> **Material provided**:
==================================================
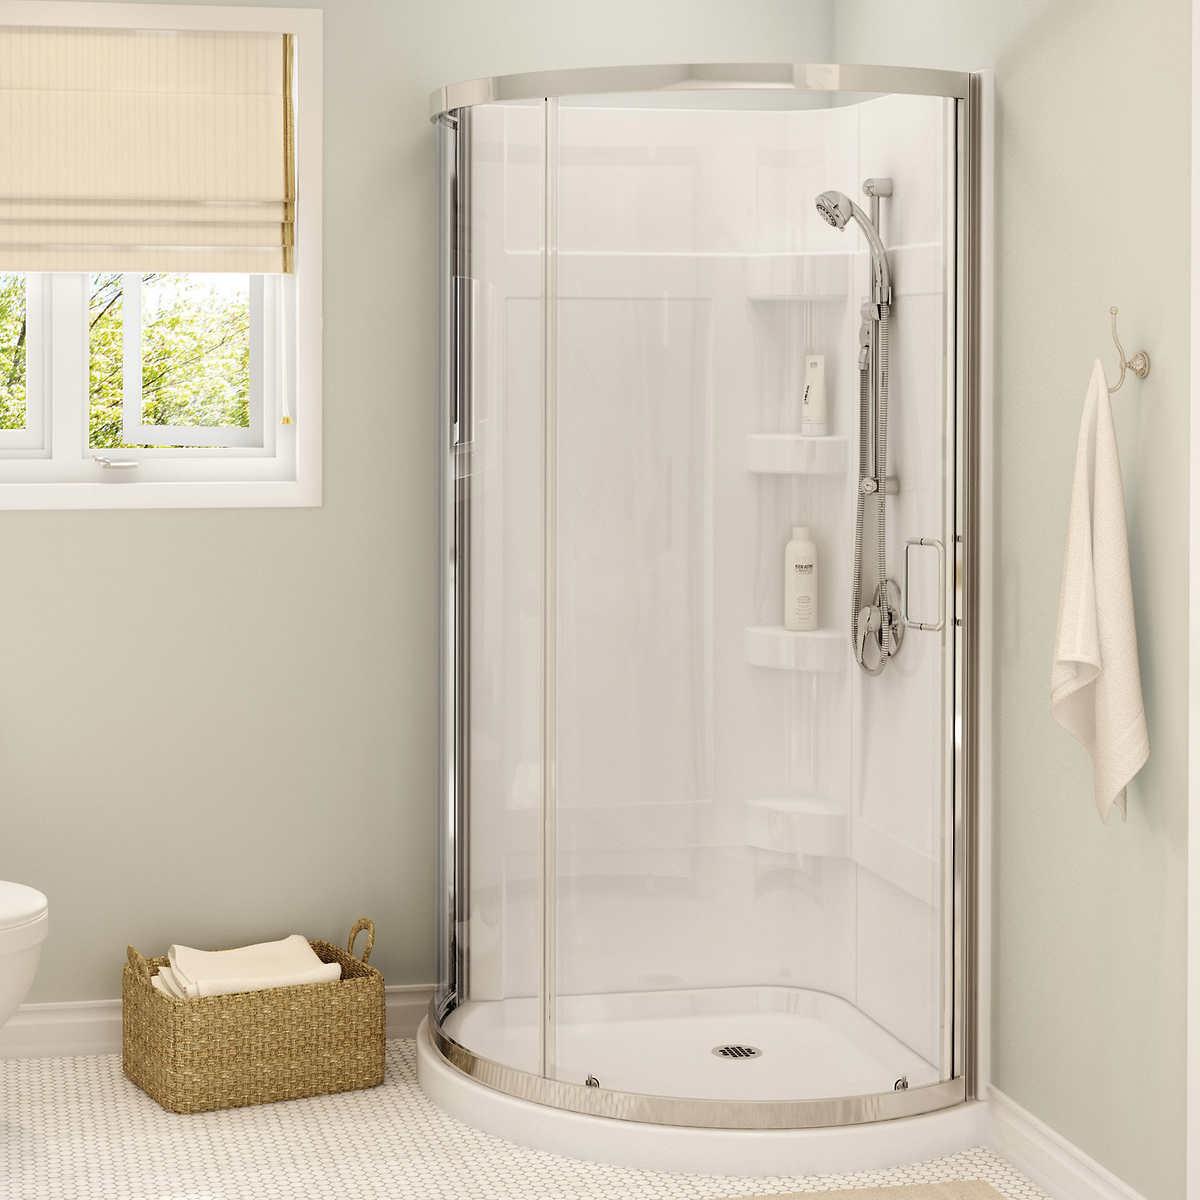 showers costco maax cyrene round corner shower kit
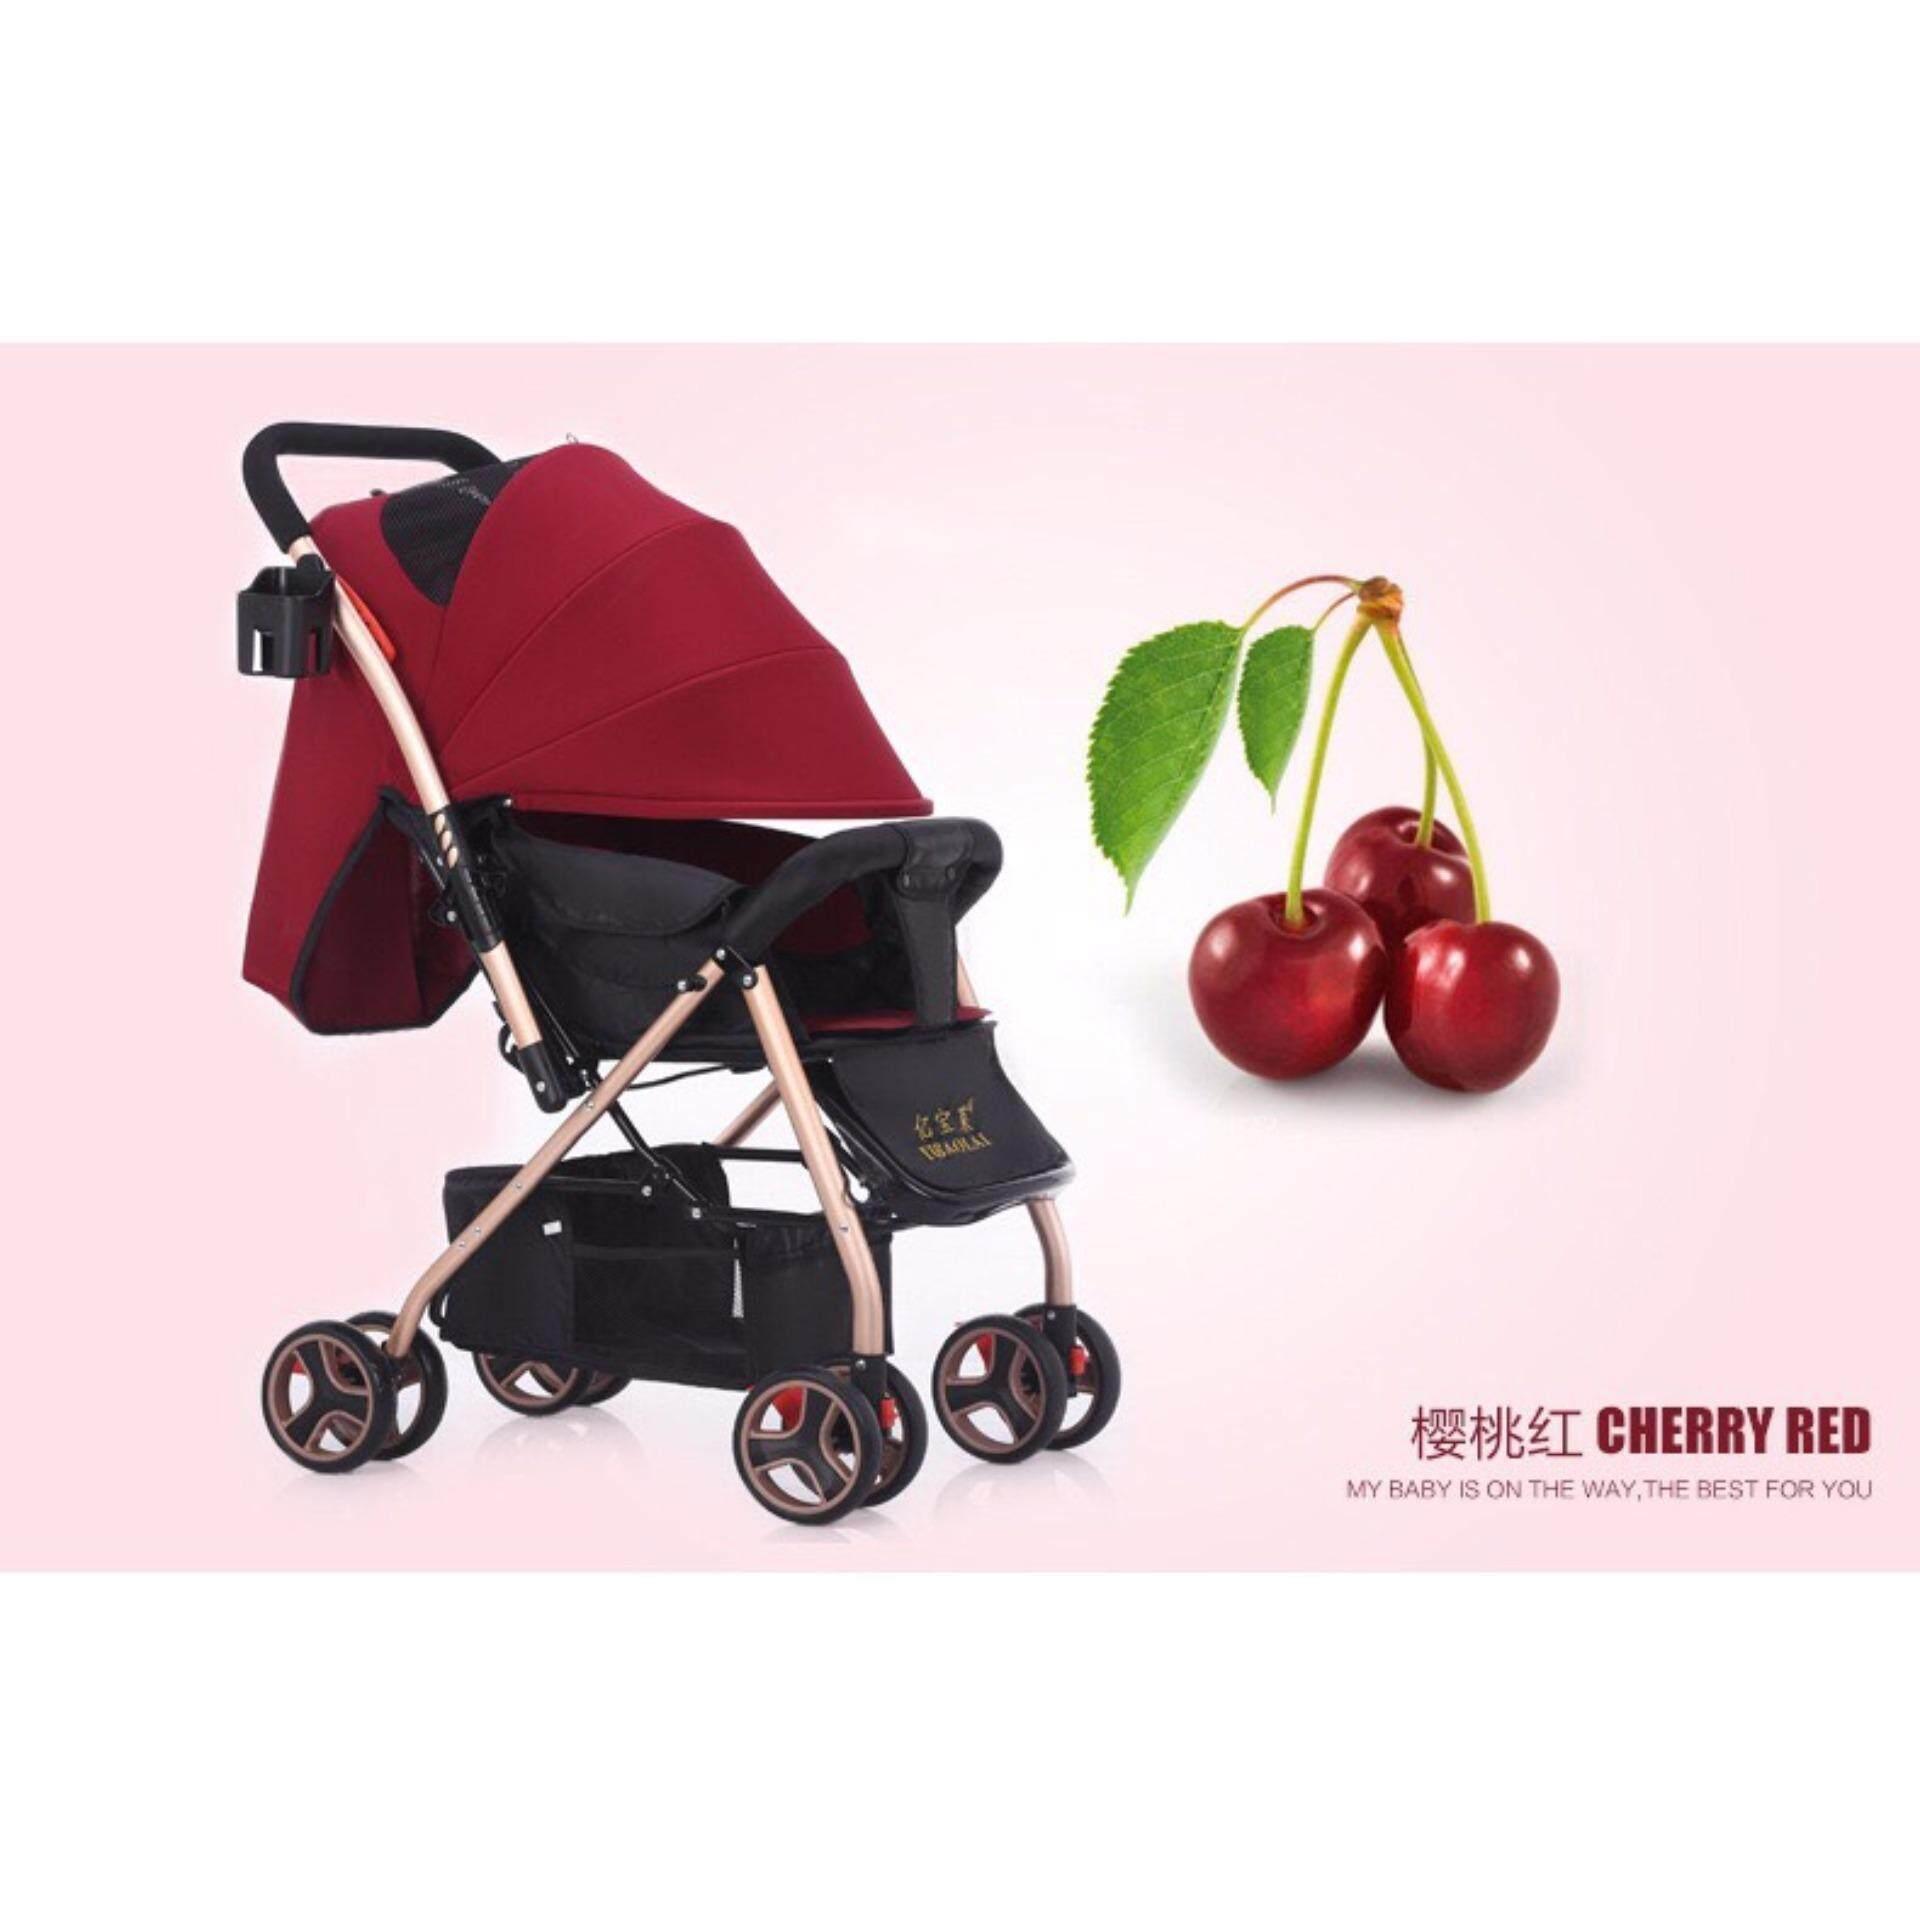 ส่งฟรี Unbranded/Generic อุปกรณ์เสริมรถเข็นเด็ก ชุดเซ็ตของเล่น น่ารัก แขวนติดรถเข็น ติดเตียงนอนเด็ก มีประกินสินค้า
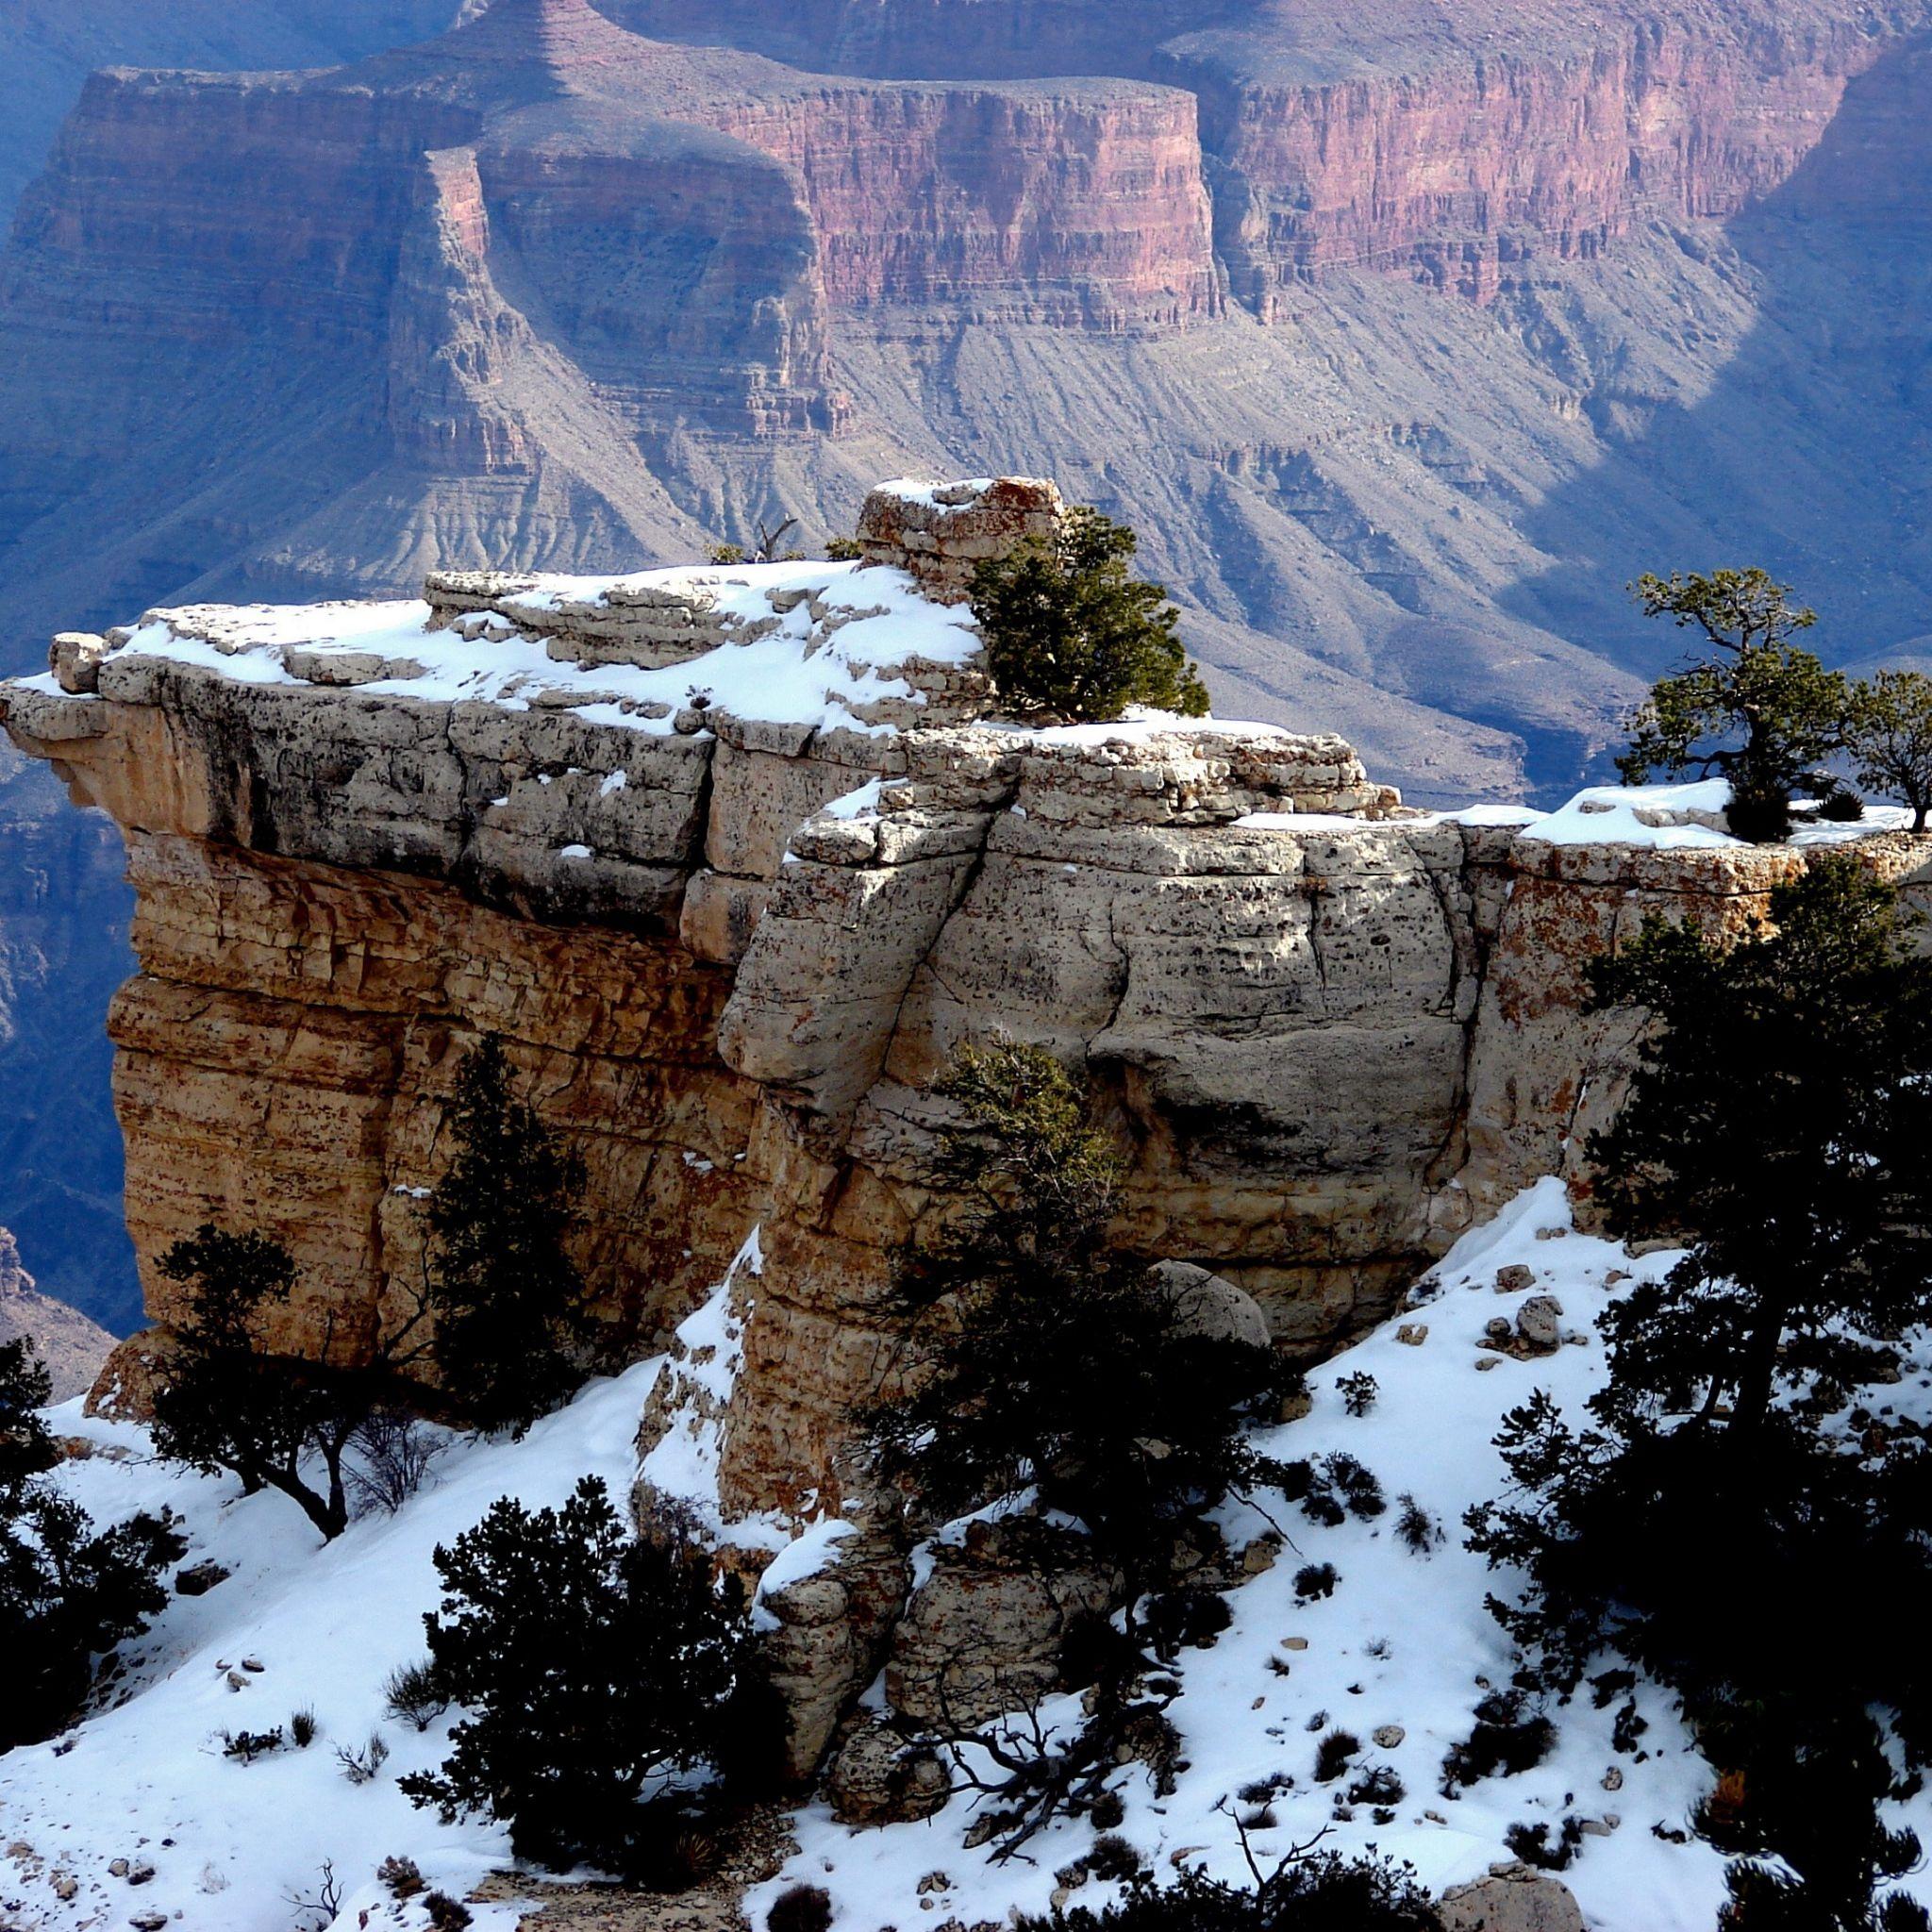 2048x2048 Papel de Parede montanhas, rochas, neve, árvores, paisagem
==================================================
Return every line of the data above exactly, and omit all pictures.

 showers costco maax cyrene round corner shower kit
 ส่งฟรี Unbranded/Generic อุปกรณ์เสริมรถเข็นเด็ก ชุดเซ็ตของเล่น น่ารัก แขวนติดรถเข็น ติดเตียงนอนเด็ก มีประกินสินค้า
 2048x2048 Papel de Parede montanhas, rochas, neve, árvores, paisagem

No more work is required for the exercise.